===== Entries supplied =====

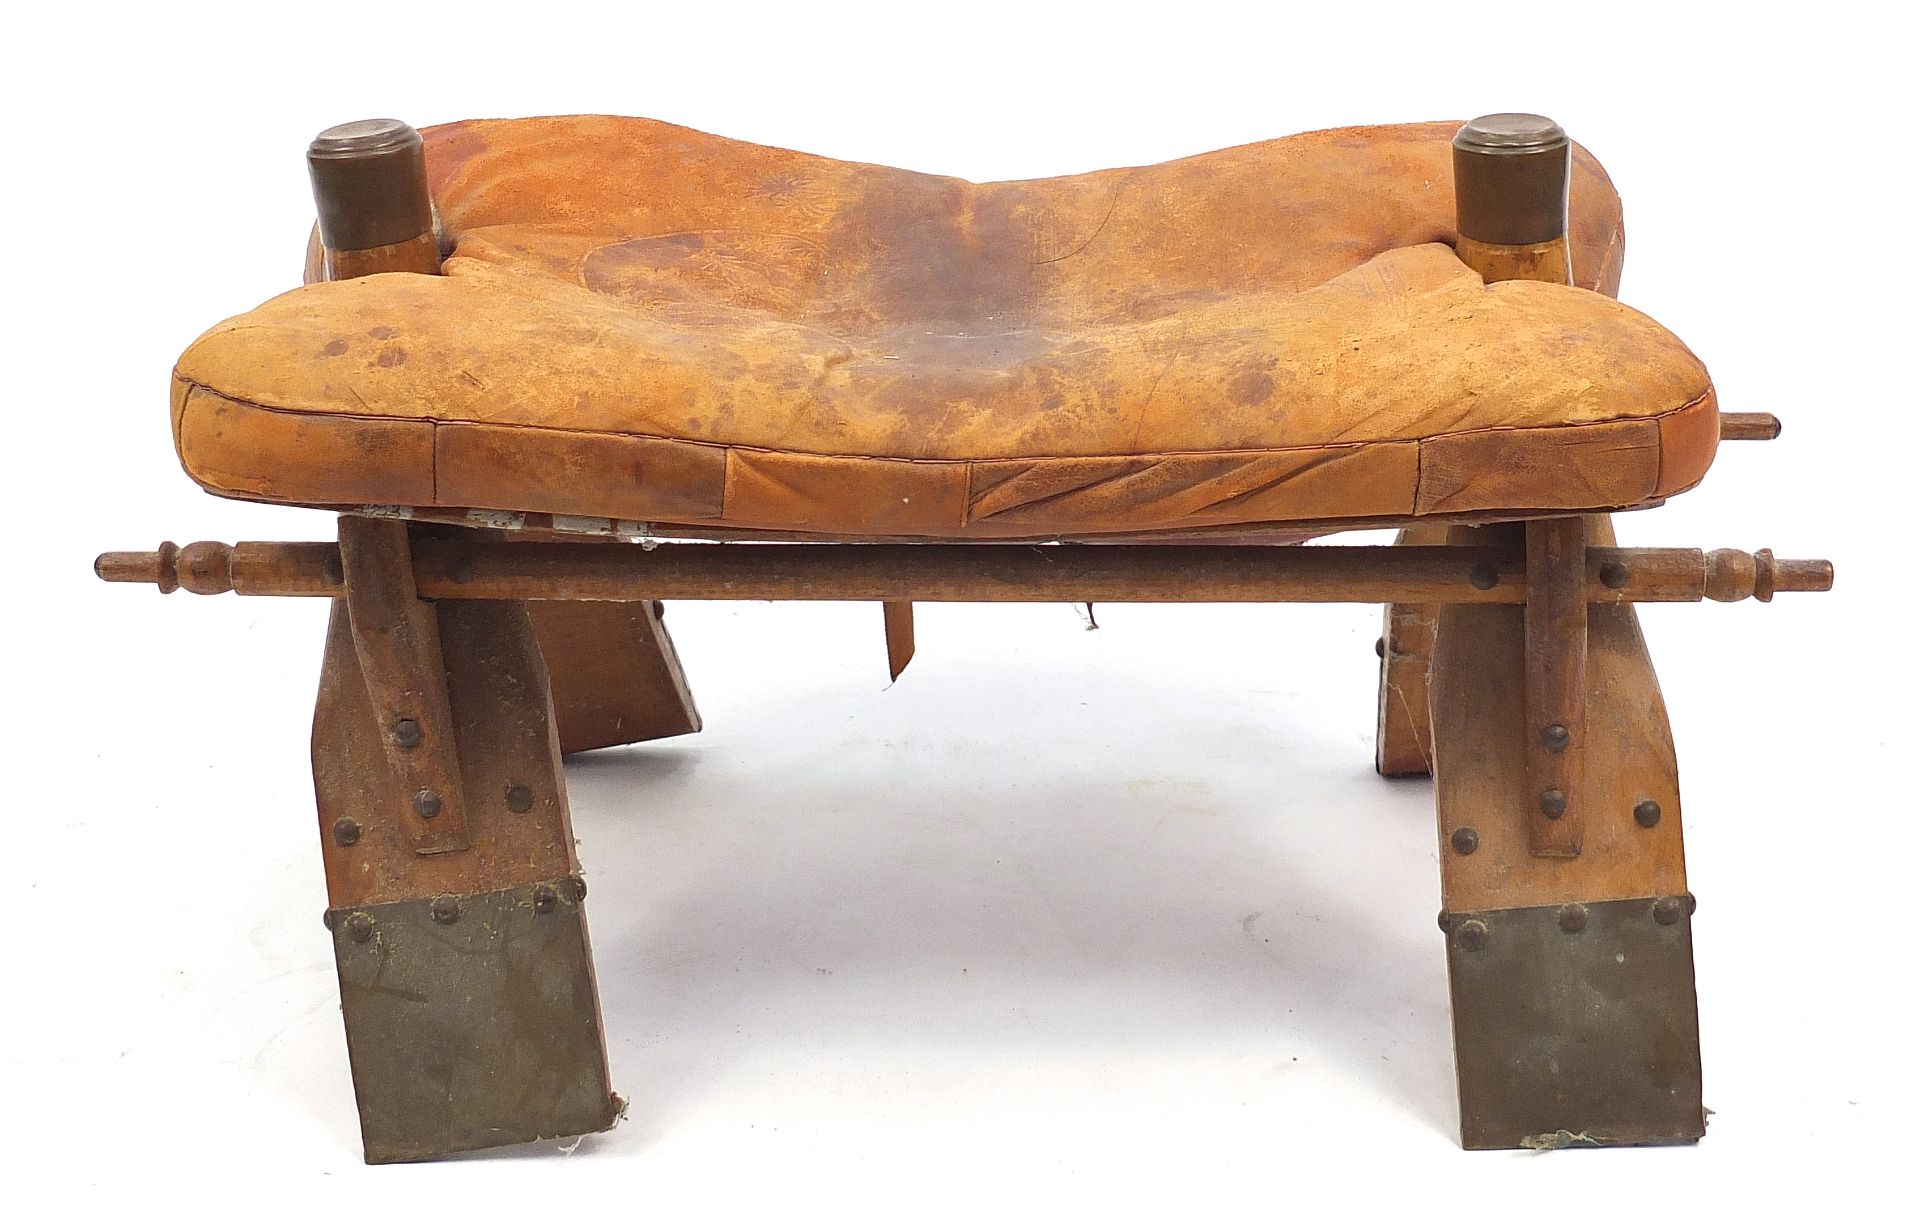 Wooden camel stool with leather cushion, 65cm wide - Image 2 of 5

=====
===== Entries supplied =====

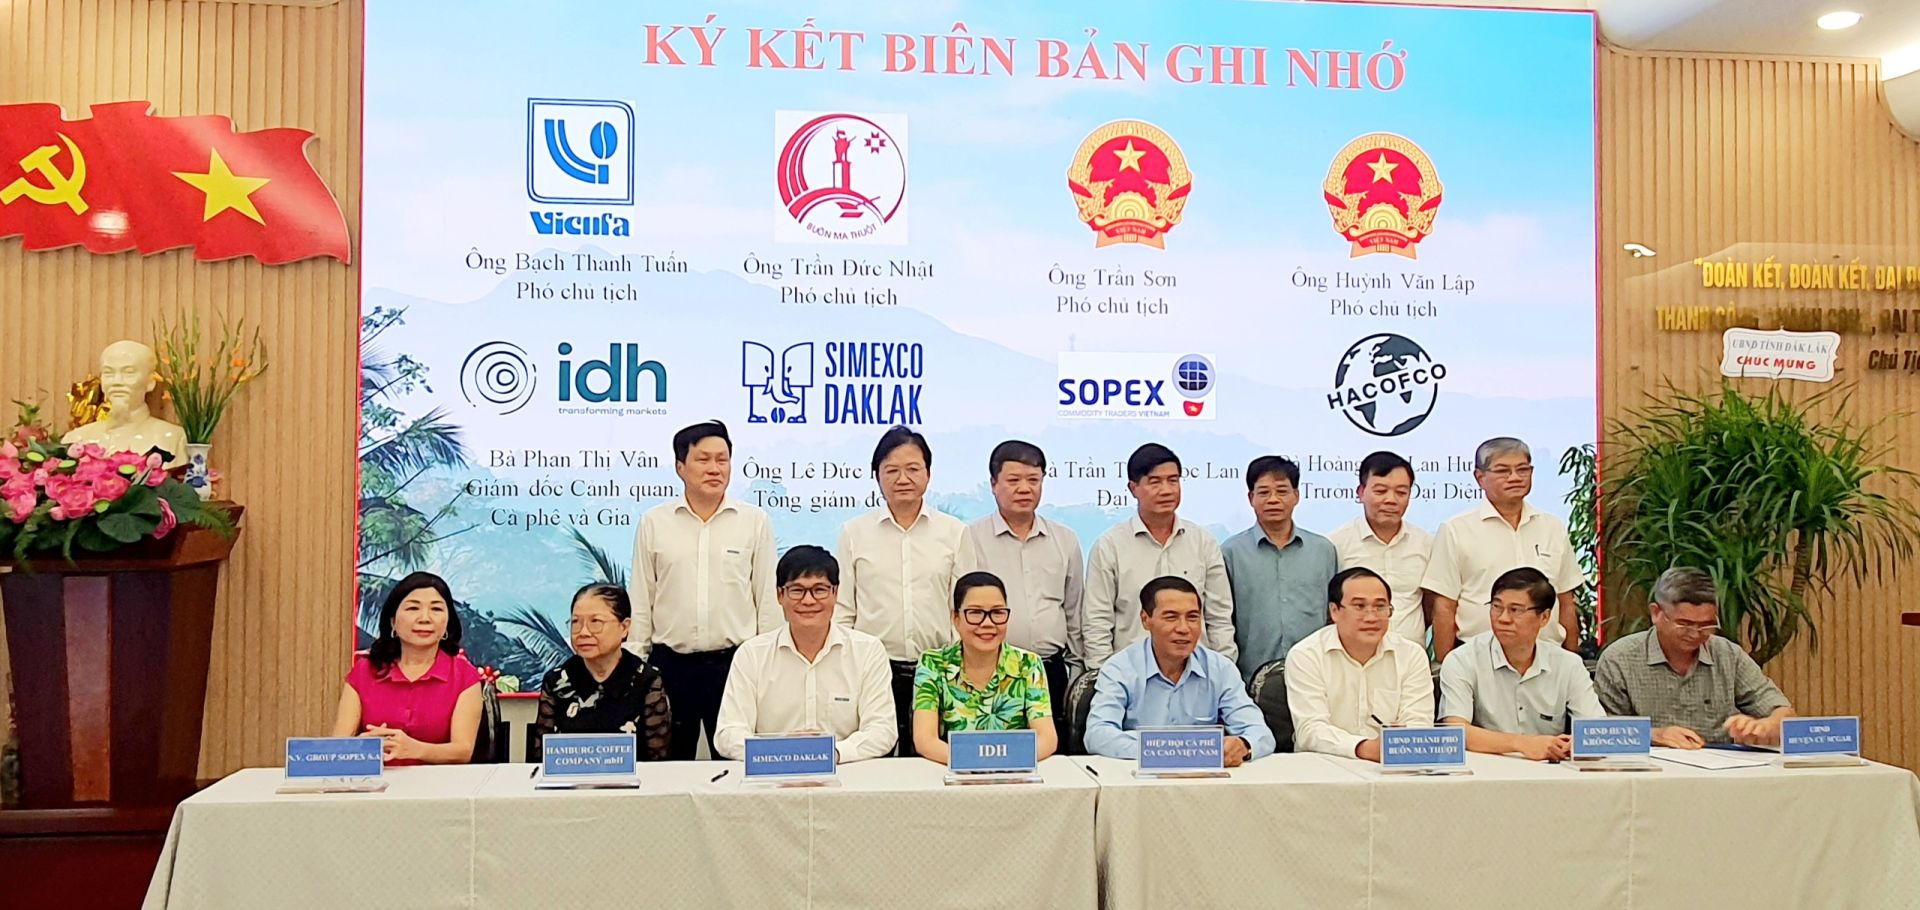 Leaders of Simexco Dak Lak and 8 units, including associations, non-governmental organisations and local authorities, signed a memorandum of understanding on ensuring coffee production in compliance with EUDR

=====
===== Entries supplied =====

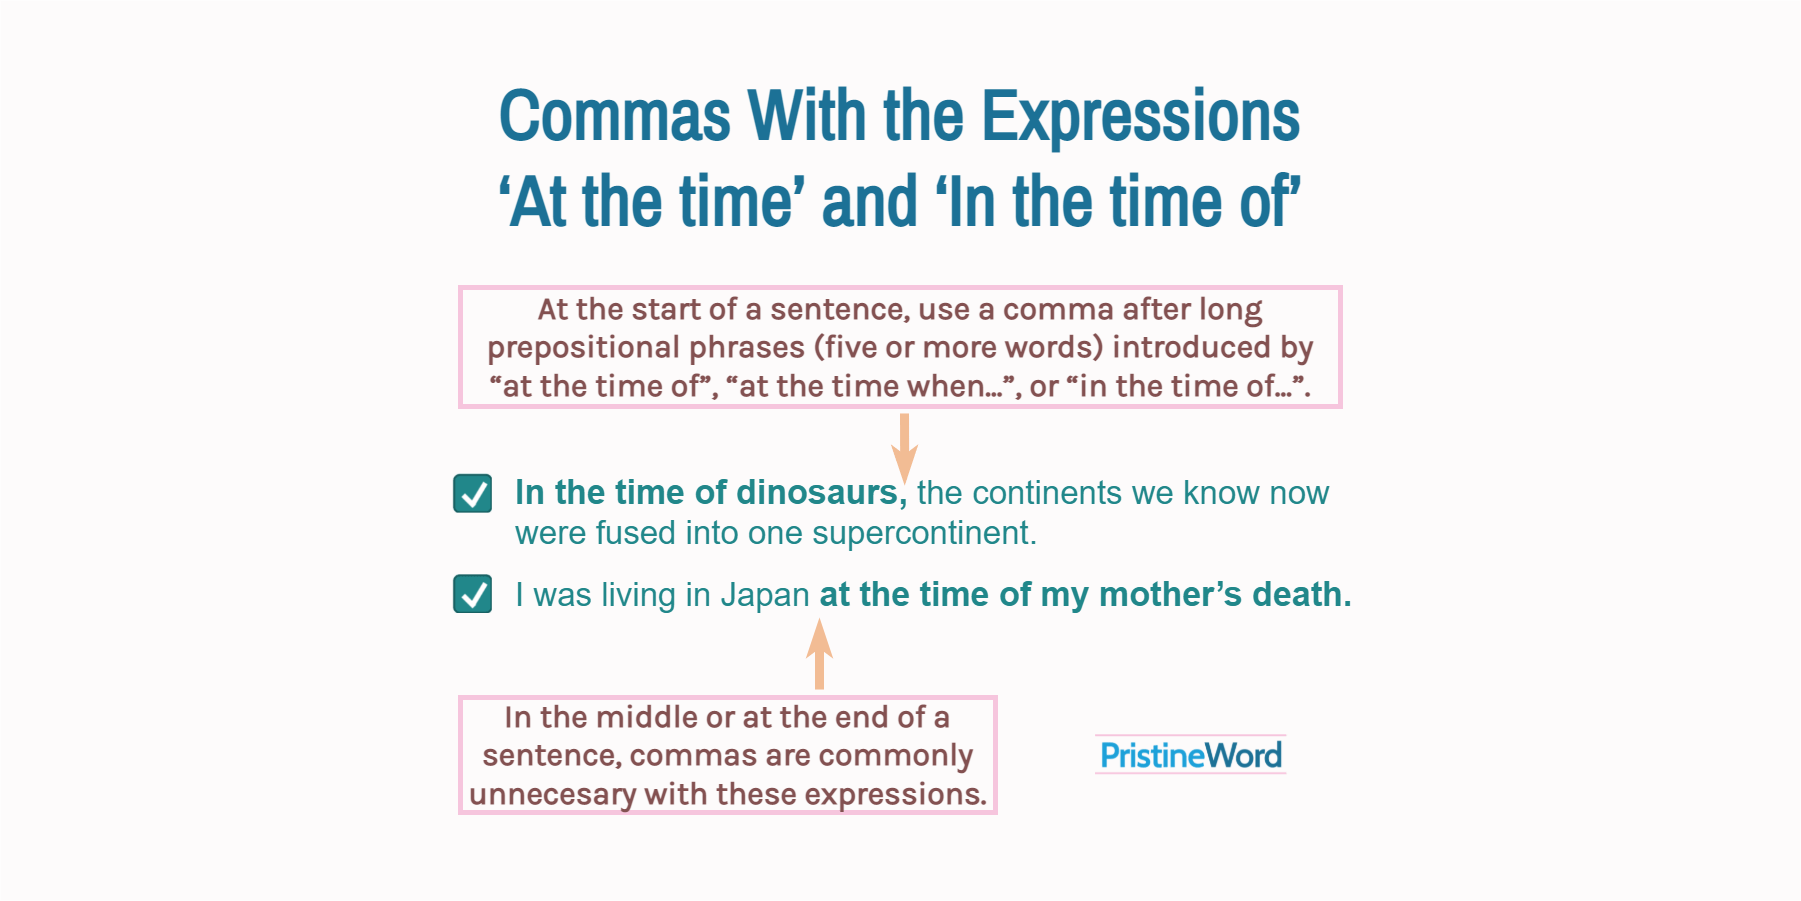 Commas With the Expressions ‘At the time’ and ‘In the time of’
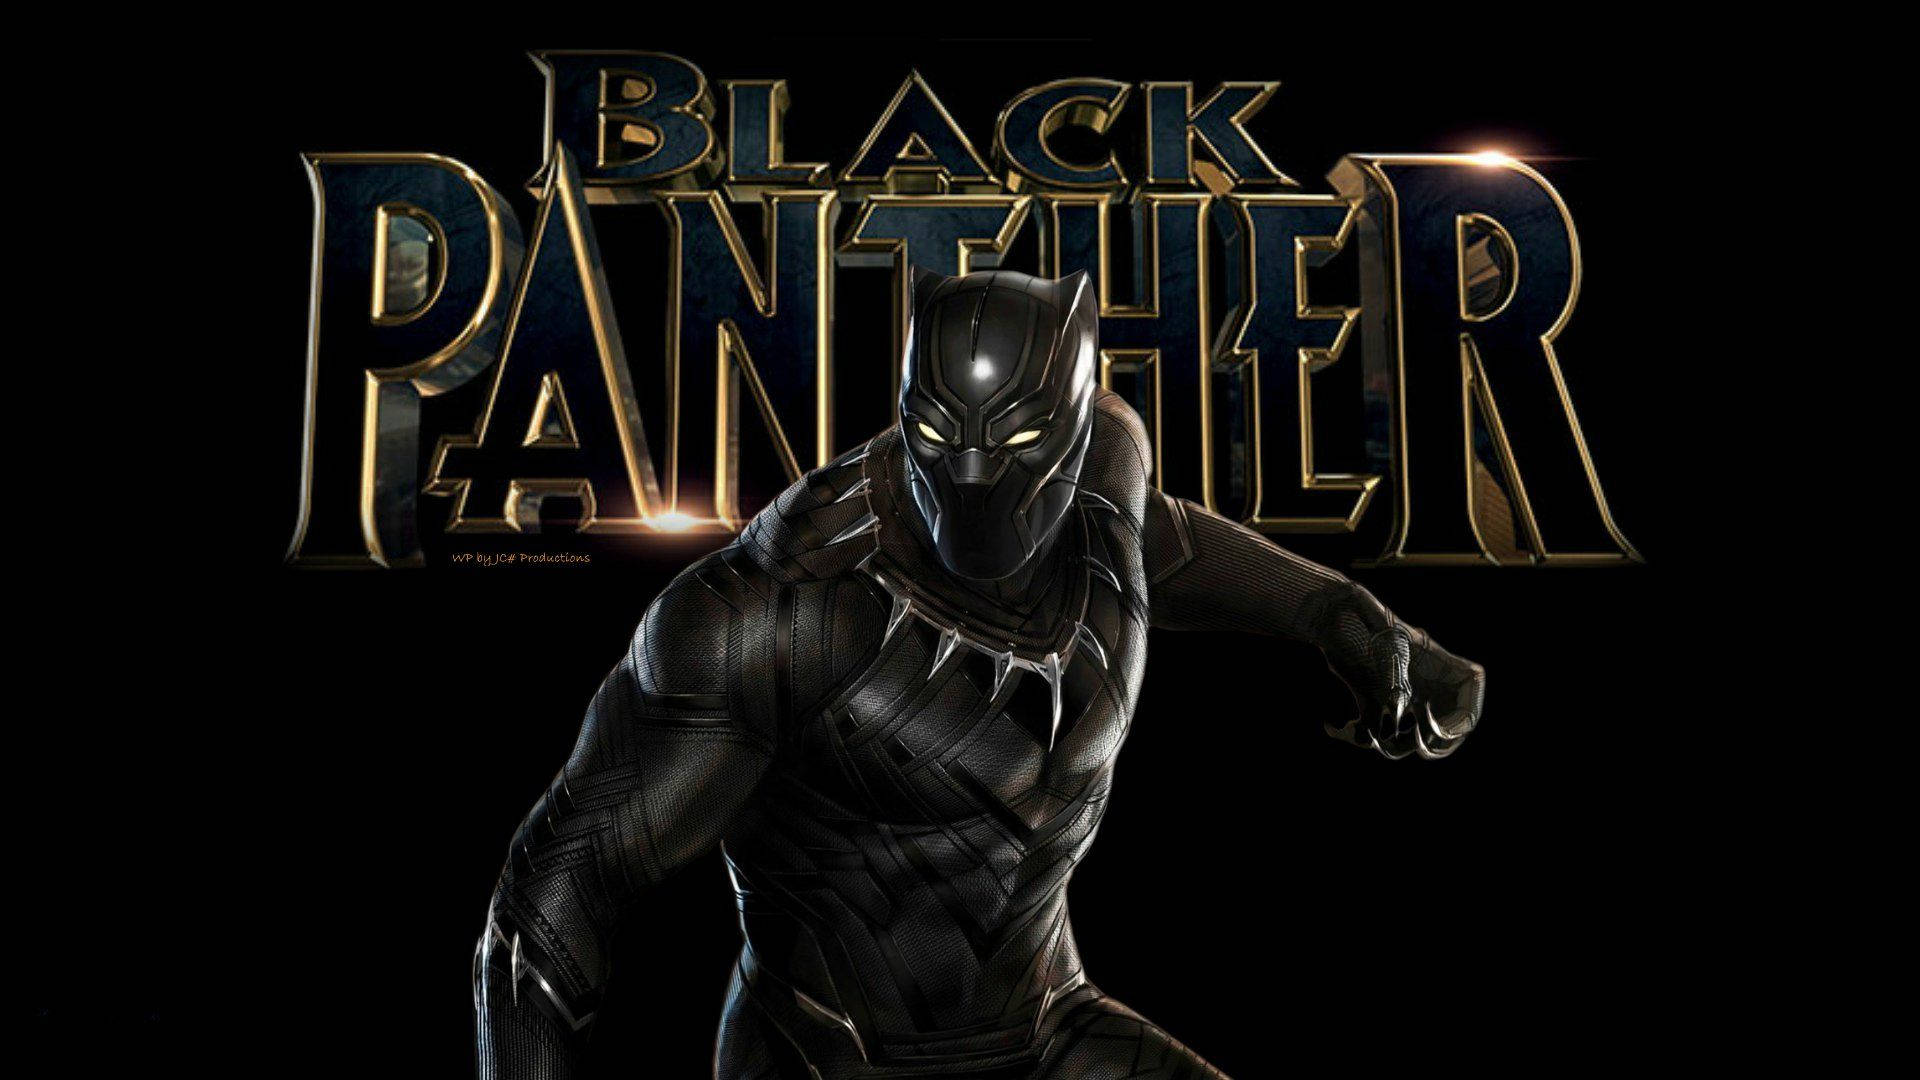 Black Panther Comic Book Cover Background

=====

(Instructions to follow): The lines to copy exactly start with the line above that has "Commas With the" and go on through the line that has "Black Panther Comic Book Cover Background"; please include both, add nothing else, and omit the pictures.

(Your response):
 Commas With the Expressions ‘At the time’ and ‘In the time of’
 Black Panther Comic Book Cover Background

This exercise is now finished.